## TASK DIRECTIONS
Retype exactly the span of lines below from the one with "2005 Port Willunga" through the one with "Le Parti communiste". Do not include pictures.

*** Opening of RECORDS FOR THE EXERCISE ***

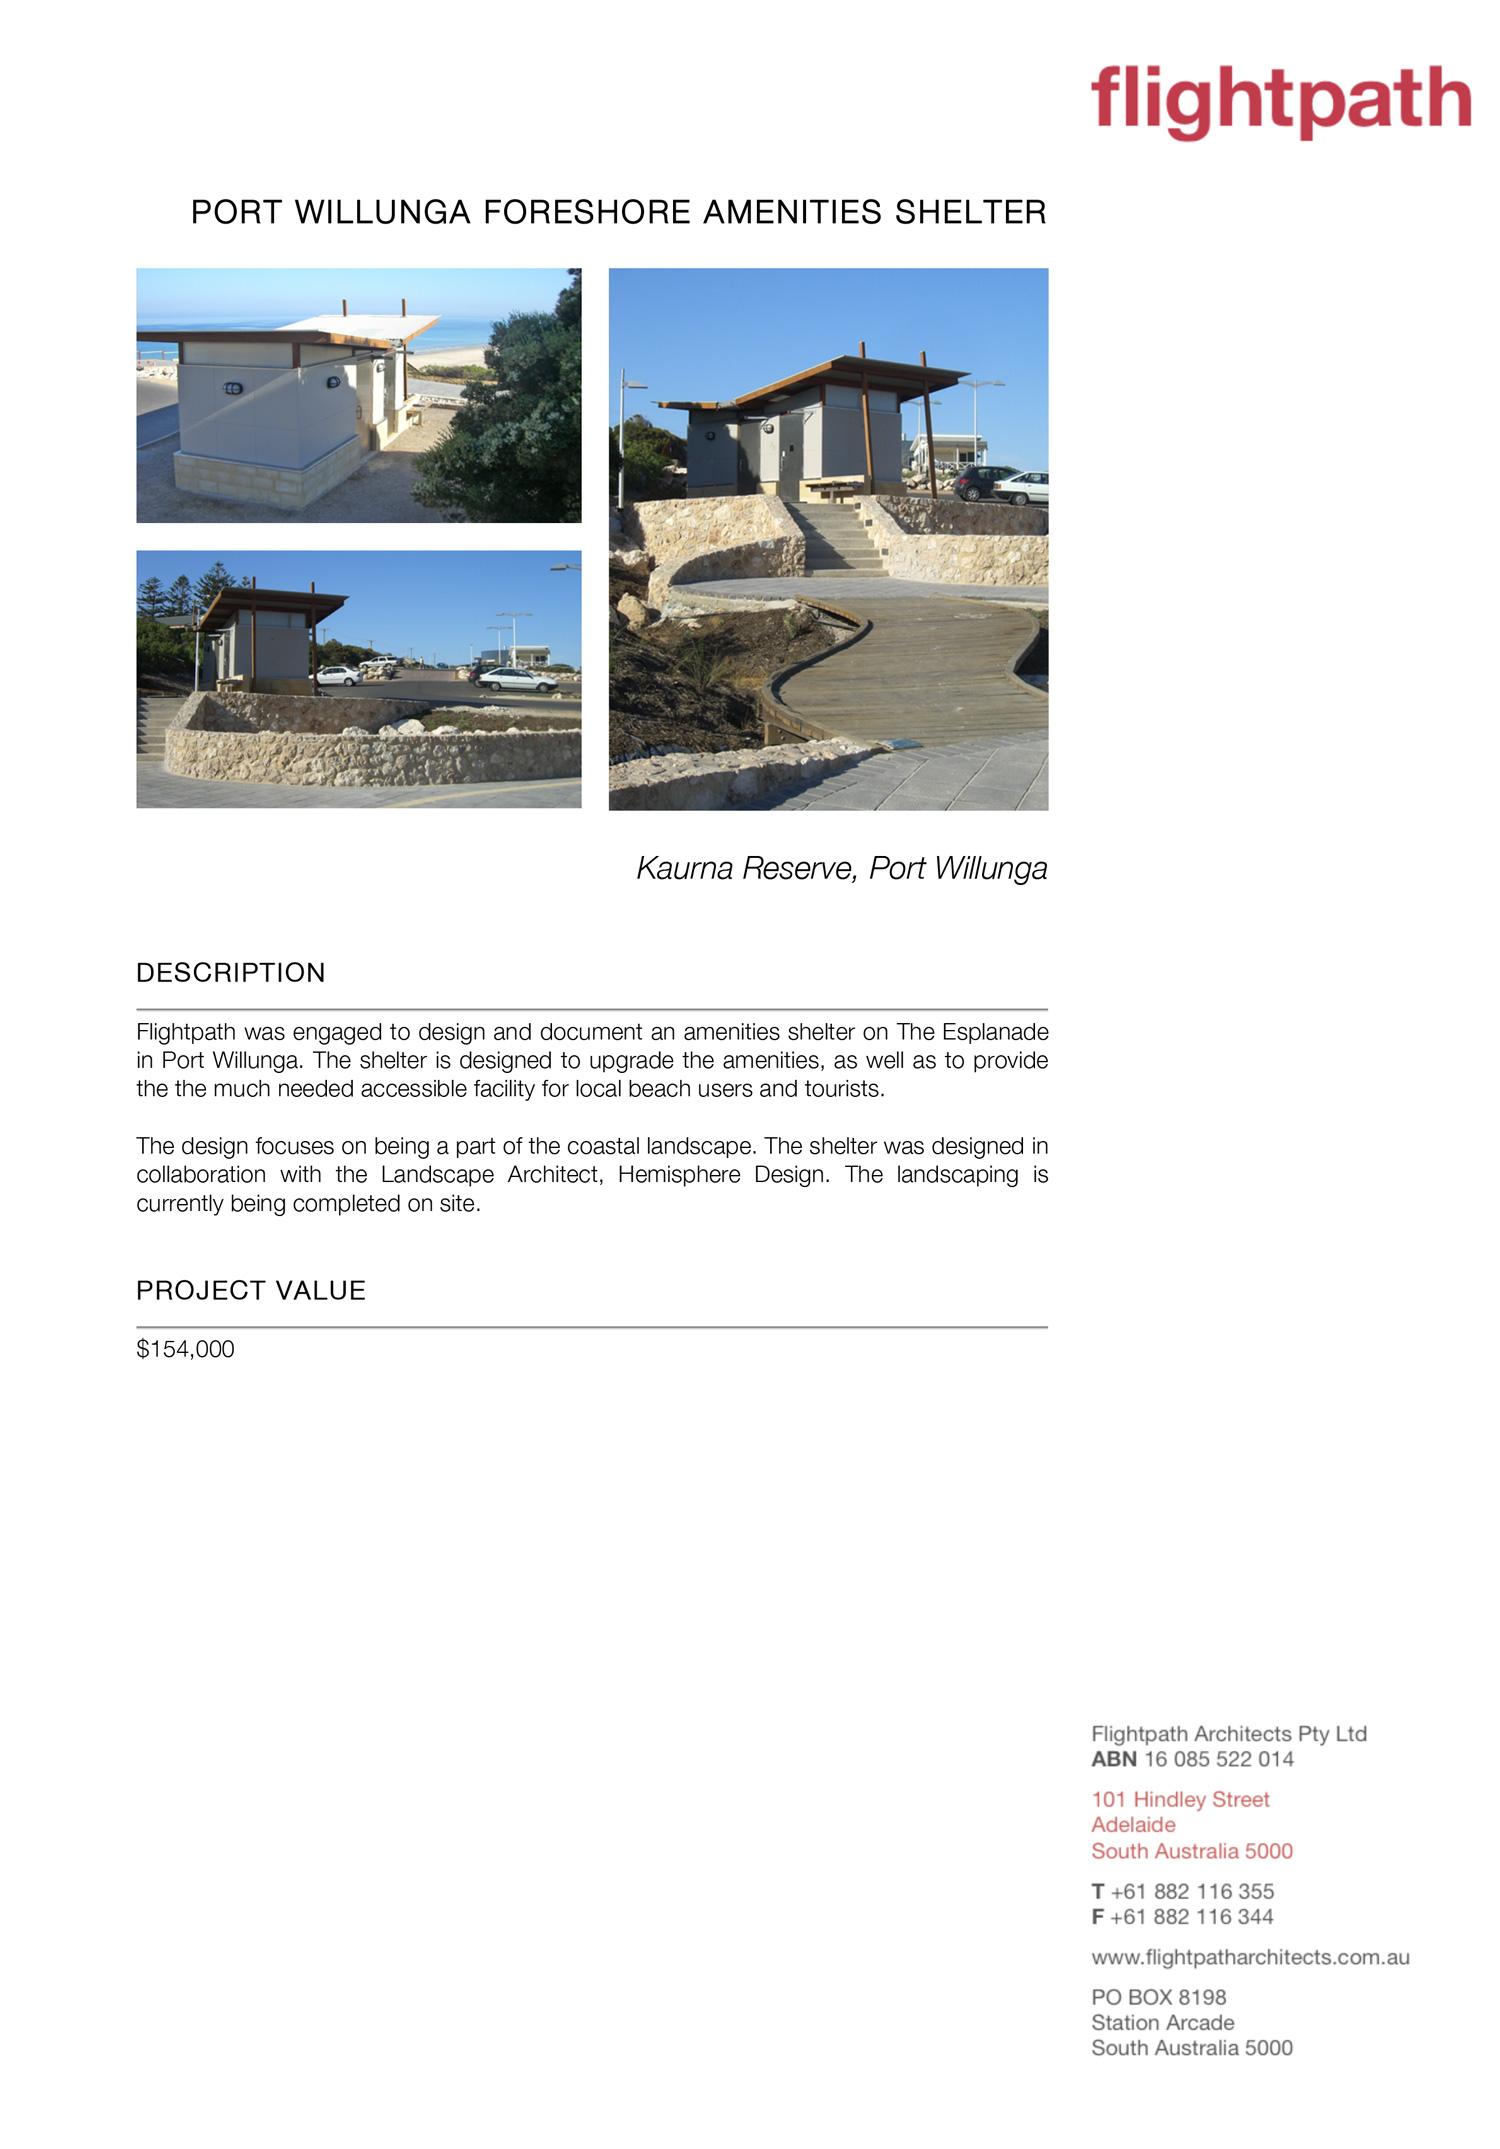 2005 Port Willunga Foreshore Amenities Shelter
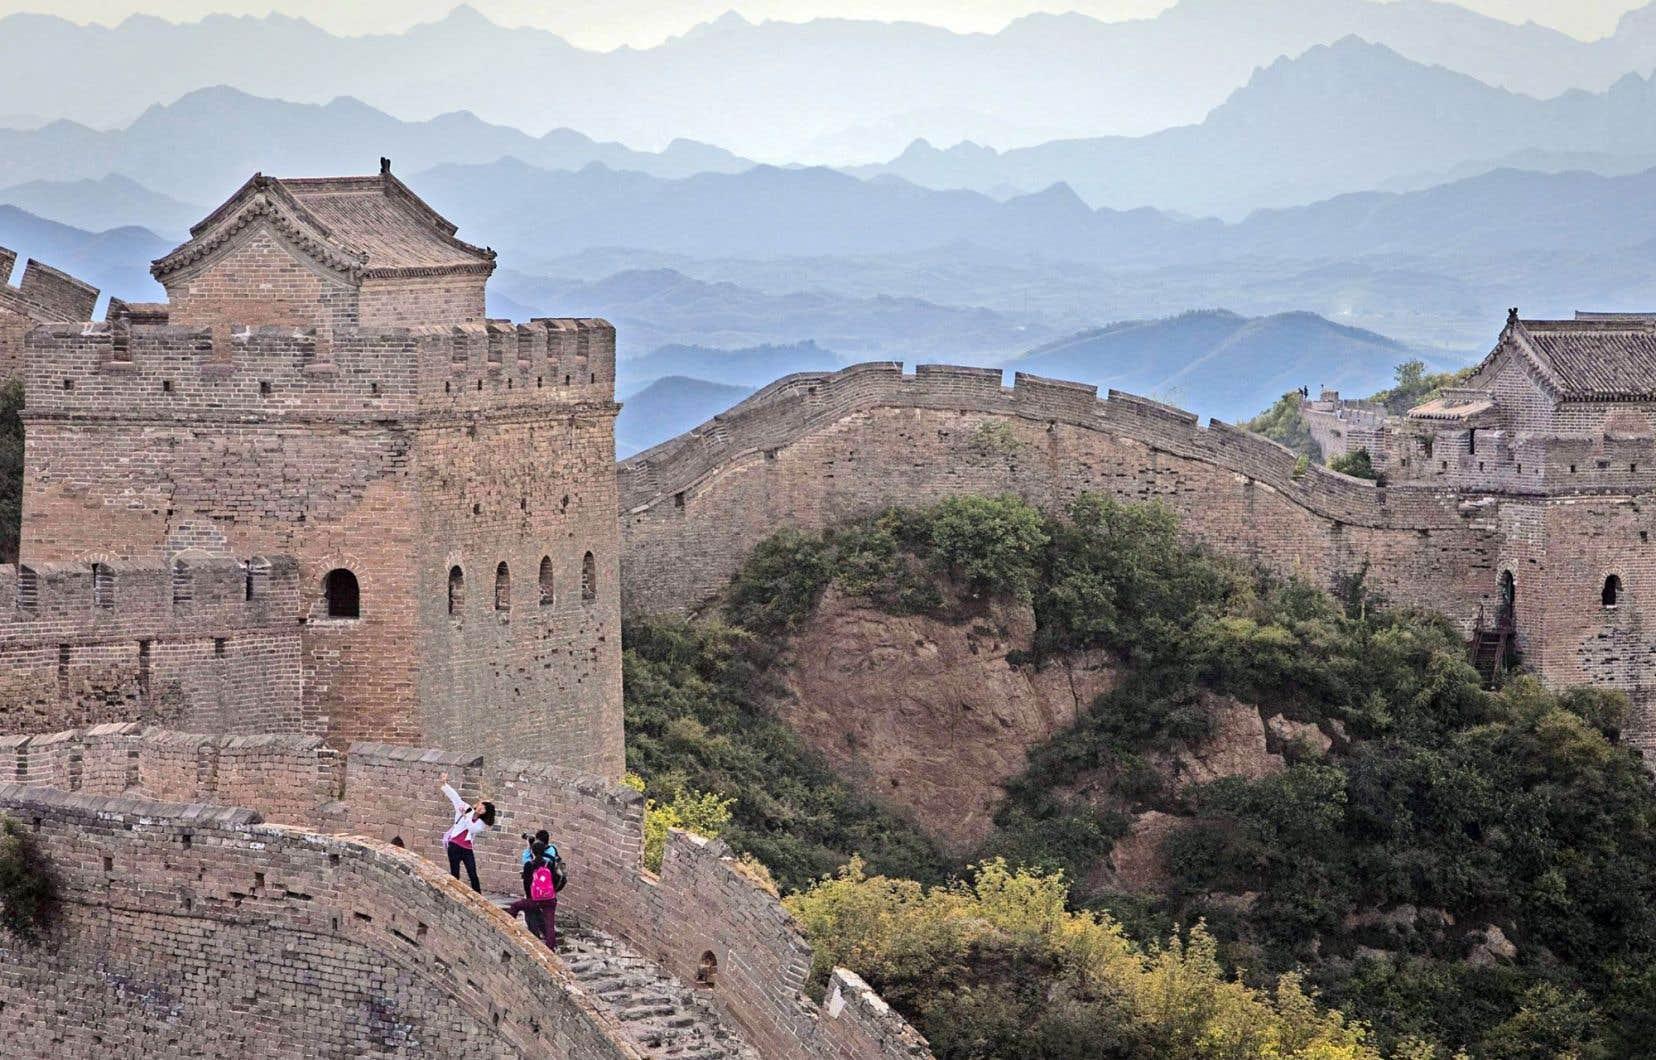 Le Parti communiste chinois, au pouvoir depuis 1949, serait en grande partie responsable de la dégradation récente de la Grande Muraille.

*** Close of RECORDS FOR THE EXERCISE ***
*** Opening of RECORDS FOR THE EXERCISE ***

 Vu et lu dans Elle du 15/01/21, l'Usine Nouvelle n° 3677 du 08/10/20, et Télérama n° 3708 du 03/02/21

*** Close of RECORDS FOR THE EXERCISE ***
*** Opening of RECORDS FOR THE EXERCISE ***

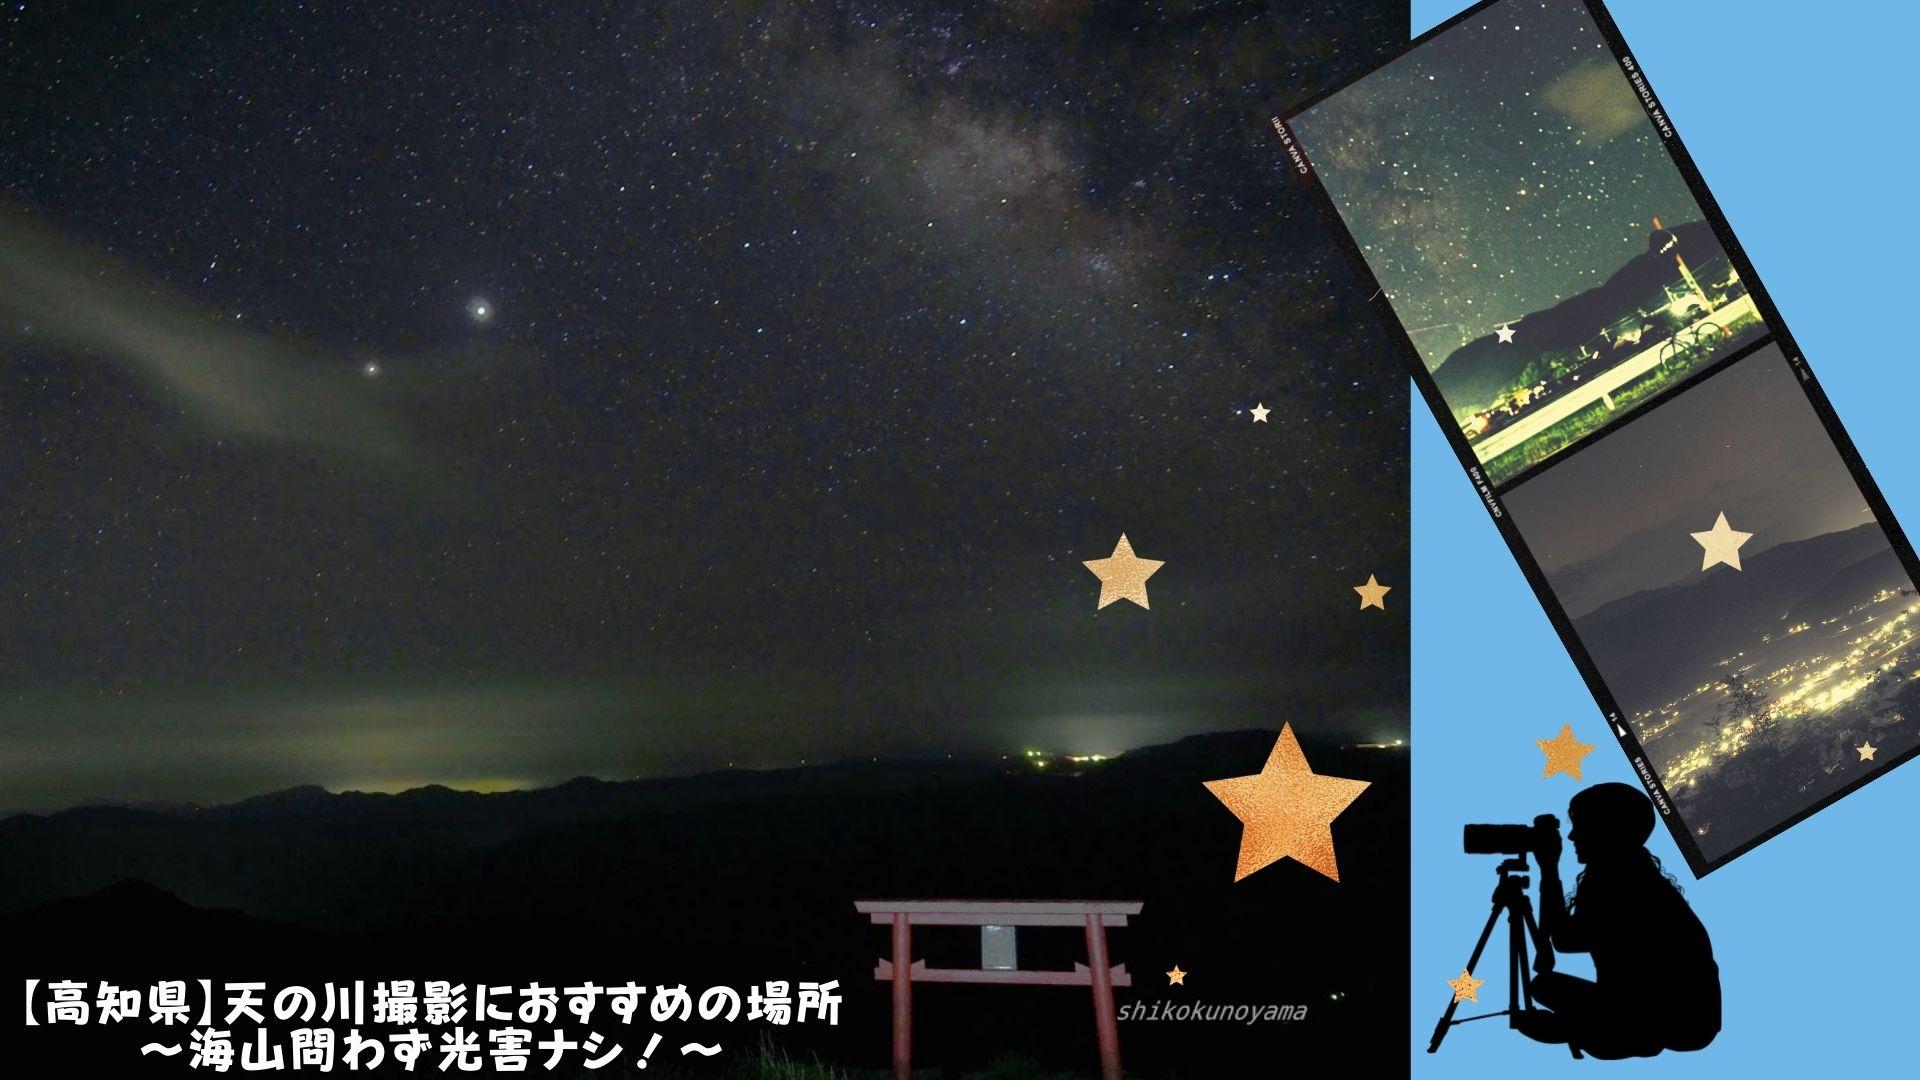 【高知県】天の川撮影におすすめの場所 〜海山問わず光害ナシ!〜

*** Close of RECORDS FOR THE EXERCISE ***

## RESPONSE AREA
 2005 Port Willunga Foreshore Amenities Shelter
 Le Parti communiste chinois, au pouvoir depuis 1949, serait en grande partie responsable de la dégradation récente de la Grande Muraille.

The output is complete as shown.